Прокручиваю ленту дальше.
Более ранние фотки не лучше — на них крупным планом запечатлены его глаза и губы. Не спорю, снимки имеют некоторую художественную ценность, тем более модель и правда хороша, но это же позор — постить фотографии красивого начальника. Он это увидит, его супруга увидит, общие друзья увидят и сразу всё поймут. Мне стыдно за отчаянную Василису.
— Она точно на нём повёрнута, — сообщаю я. — Сколько ей лет?
— Сорок два, дизайнер, работает в «Питерстрое» всю свою жизнь. Живёт с родителями, замужем не была.
— Интересно, почему?
— Страшненькая. И какая-то нафталиновая.
— Да ладно, нормальная женщина, просто одевается как тётка. Эти вязаные кофточки вышли из моды в прошлом веке. Если её переодеть, подстричь и накрасить, получится красотка.

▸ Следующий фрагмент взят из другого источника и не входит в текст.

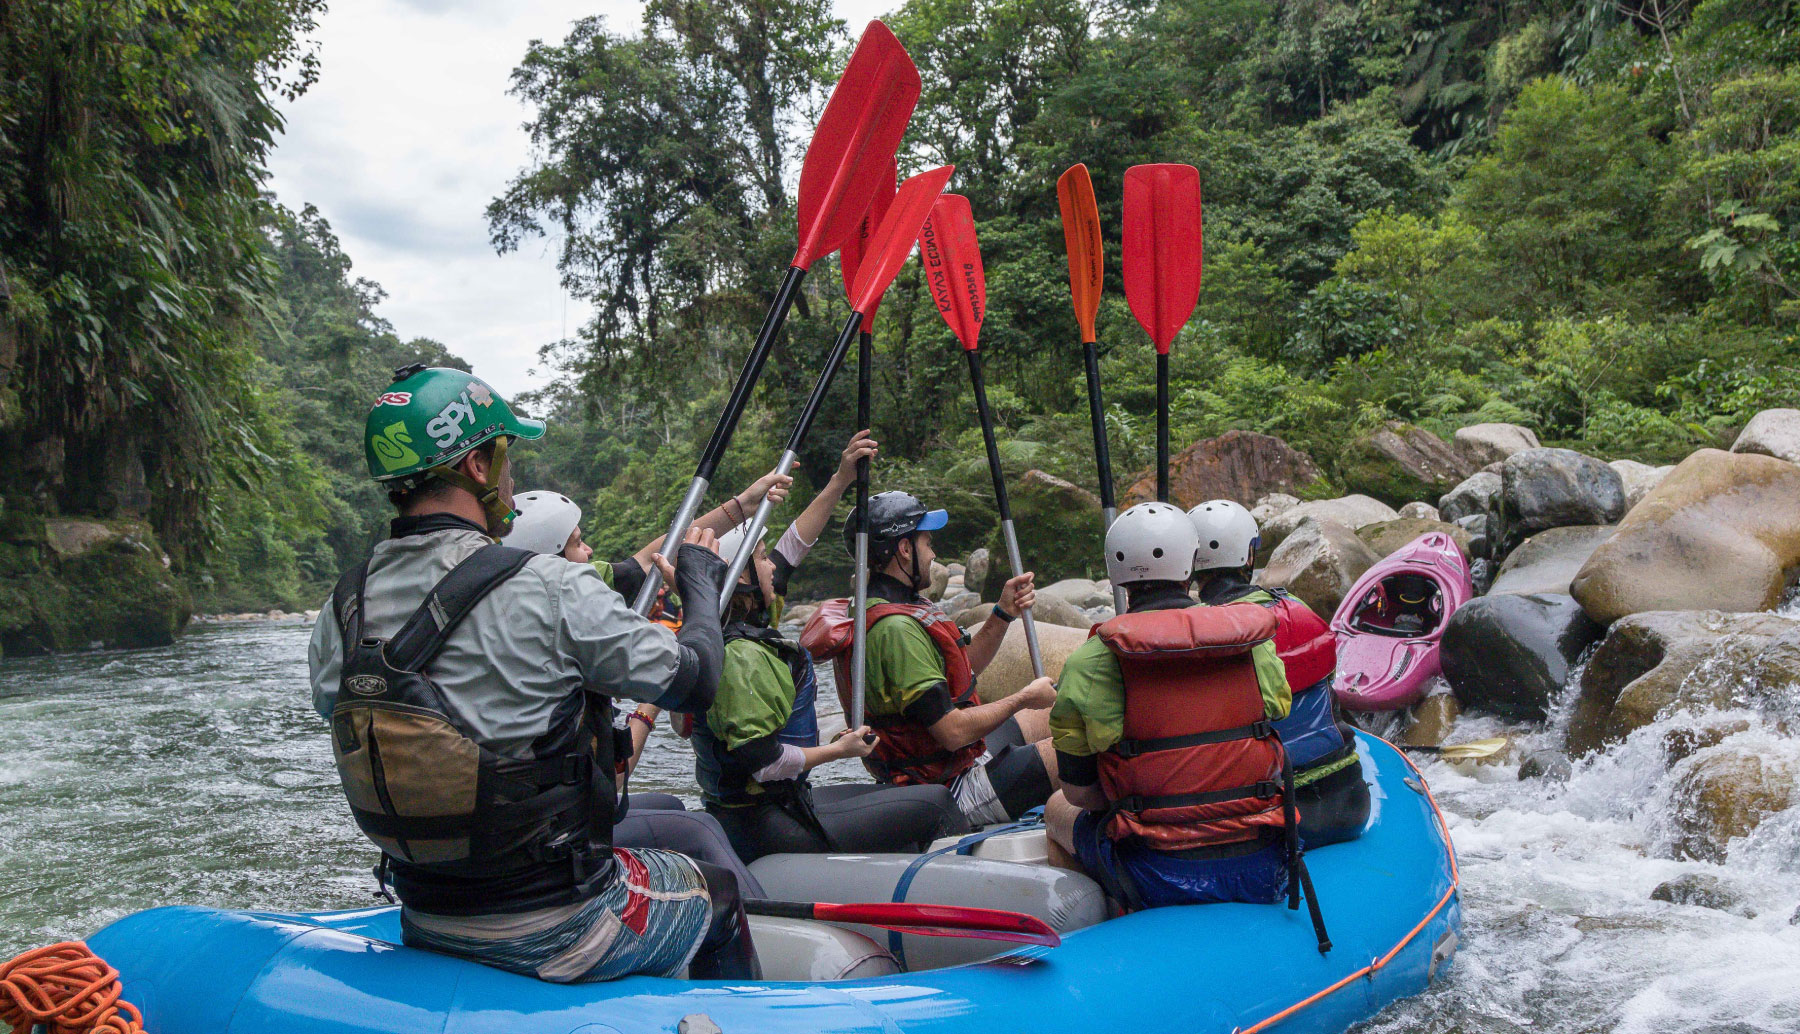 Celebration after running one of many rapids on the Jondachi river. Rafting Class IV Jondachi   Hollin rivers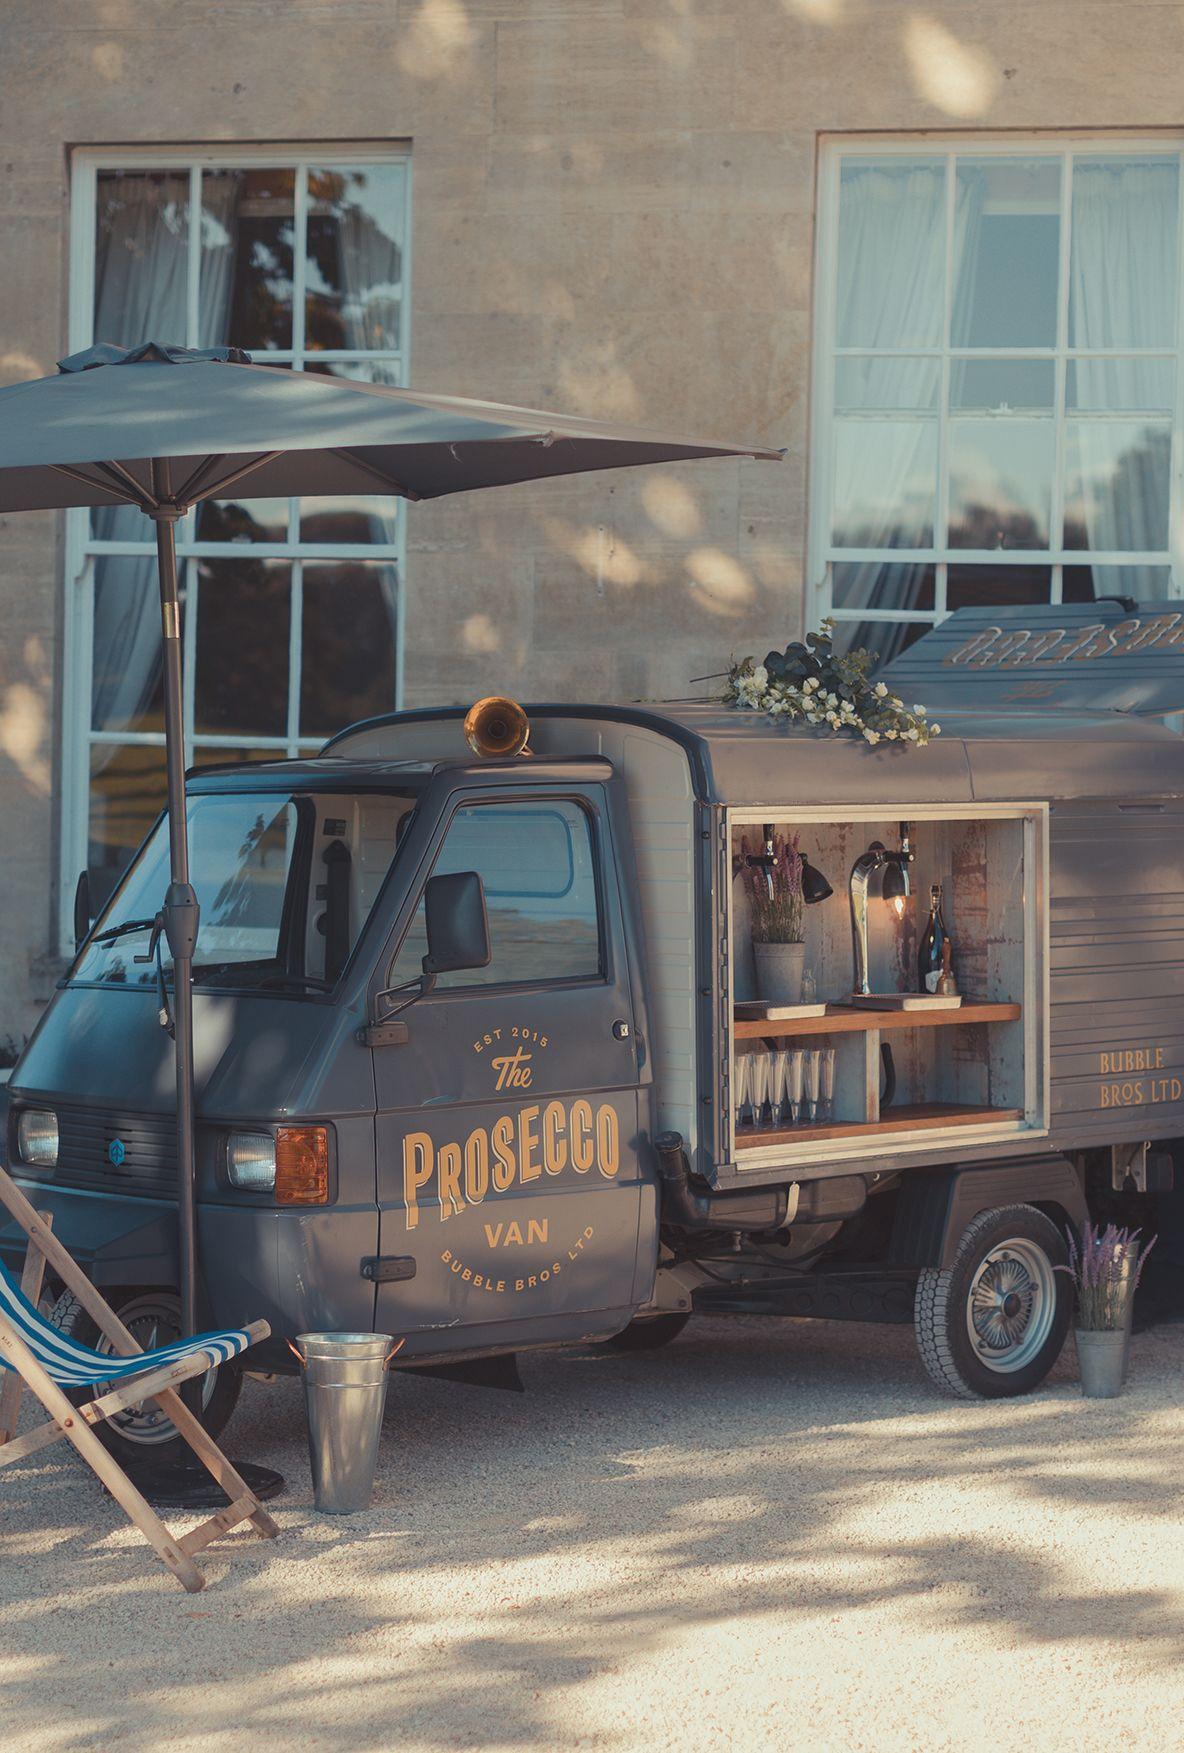 bubble bros prosecco vans and wedding bars rmw van profile

— Страшненькая, — уверенно повторяет Никитос и смотрит на меня тем особенным взглядом, который меня смущает. Как будто раздевает глазами. — И уже немолодая. Старше его на шестнадцать лет.
— Окей, тебе видней, — сдаюсь я. — Тогда с чего ты решил, что Влад с ней спал?
— С того, что она его любит. Знаешь ли, иногда охота расслабиться и позволить себя любить. Побыть тем, кто принимает любовь, а не только отдаёт. Залечить детские травмы, так сказать.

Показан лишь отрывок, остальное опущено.